Would you transcribe only the lines from the one holding "Photo and text" through the end of the material, exactly, without any pictures?

[[ Raw data open ]]

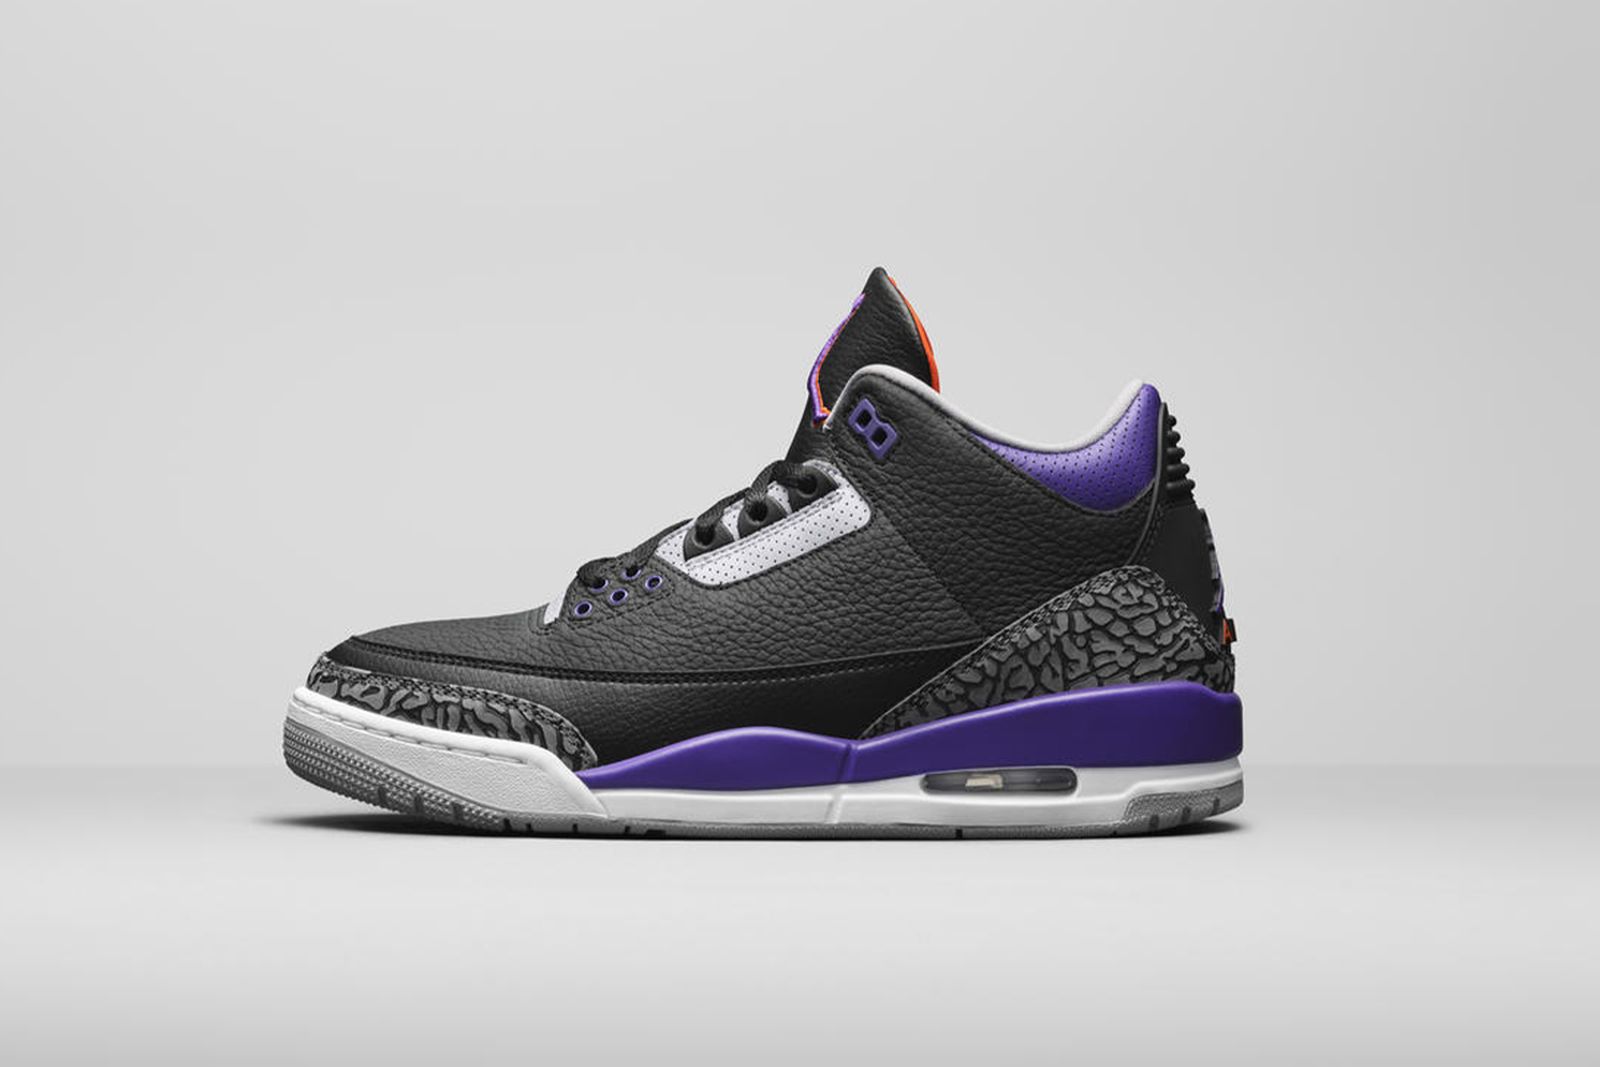 Jordan Brand Holiday Releases Ranked from to Best
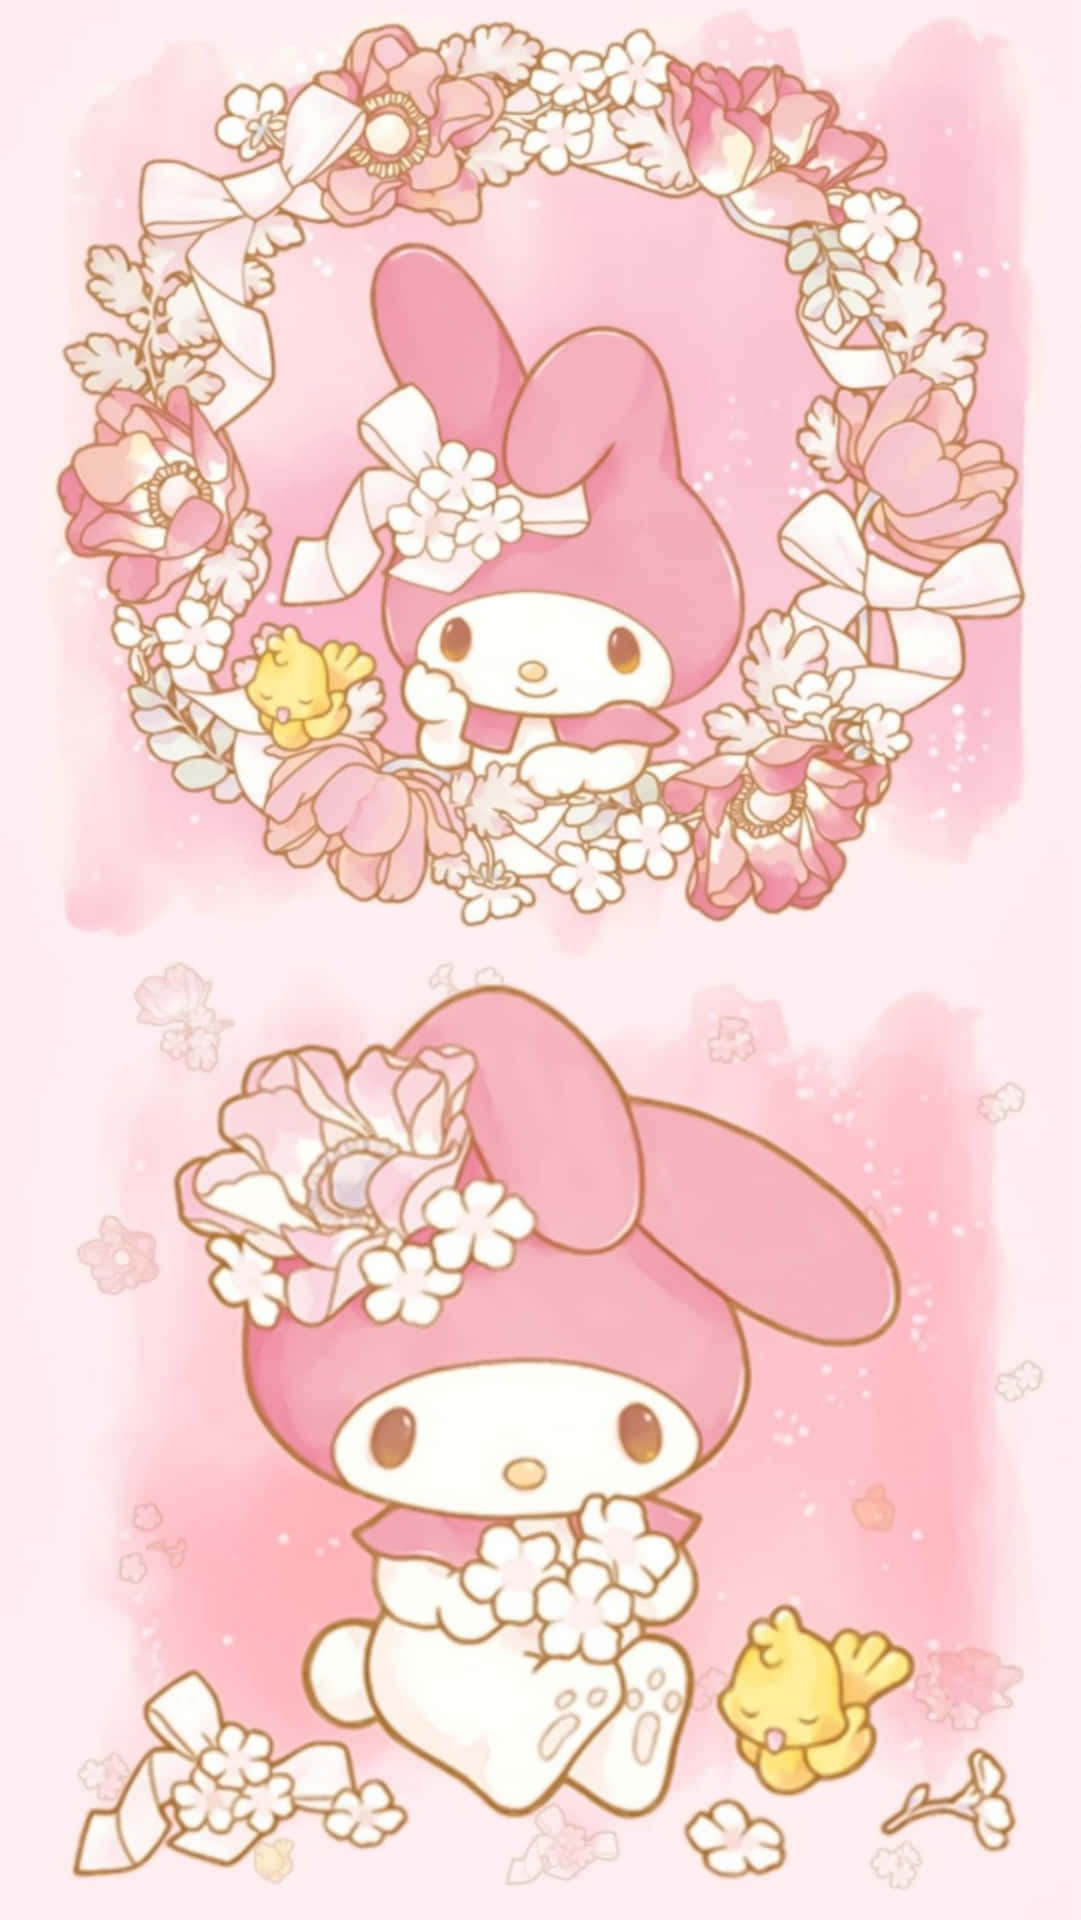 Cute My Melody With Floral Design Wallpaper
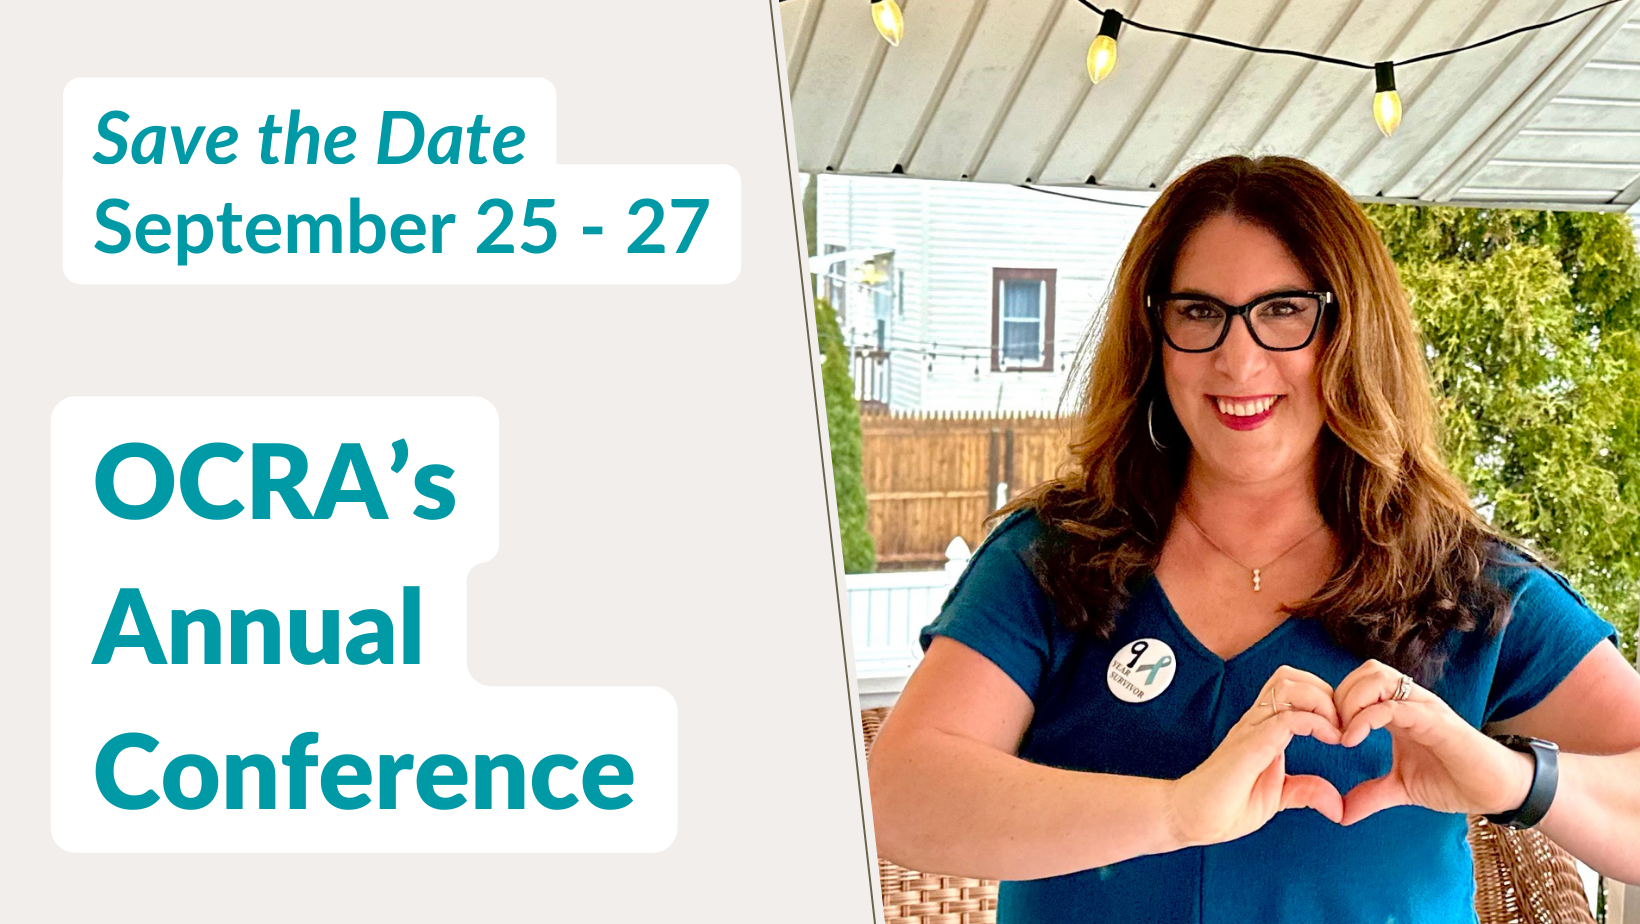 Photo and text side by side. Text: Save the Date, September 25 - 27. OCRA's Annual Conference. Photo: A smiling woman with long hair, glasses, teal shirt, and a pin displaying the words "9 Year Survivor" with a teal ribbon, makes the heart sign with her two hands held together.
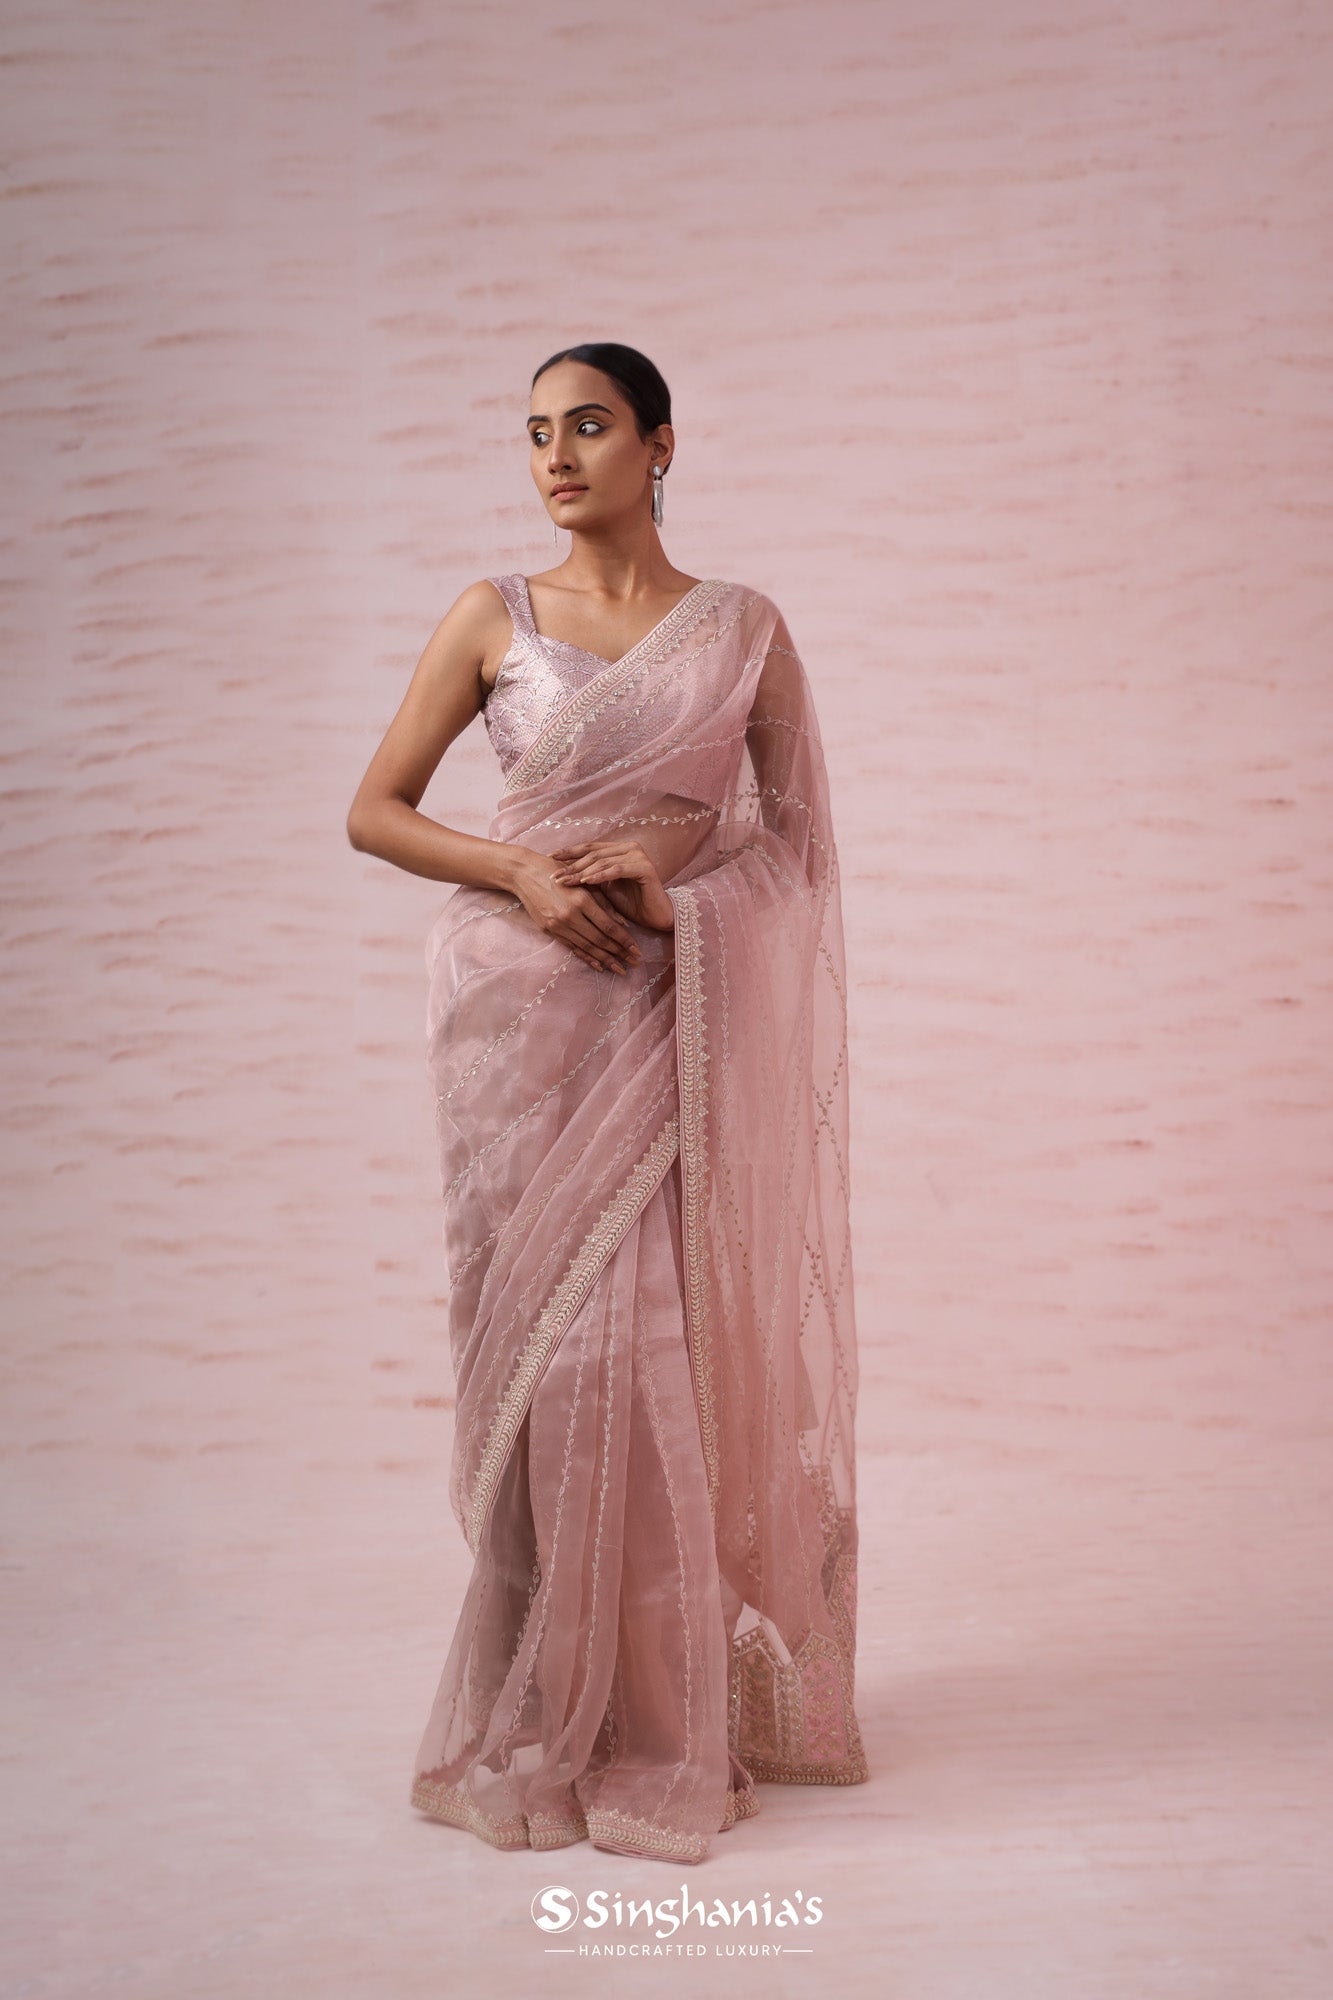 Lemonade Pink Tissue Organza Saree With Hand Embroidery

[[ Raw data closed ]]

• Output for this task:
 Photo and text side by side. Text: Save the Date, September 25 - 27. OCRA's Annual Conference. Photo: A smiling woman with long hair, glasses, teal shirt, and a pin displaying the words "9 Year Survivor" with a teal ribbon, makes the heart sign with her two hands held together.
 Lemonade Pink Tissue Organza Saree With Hand Embroidery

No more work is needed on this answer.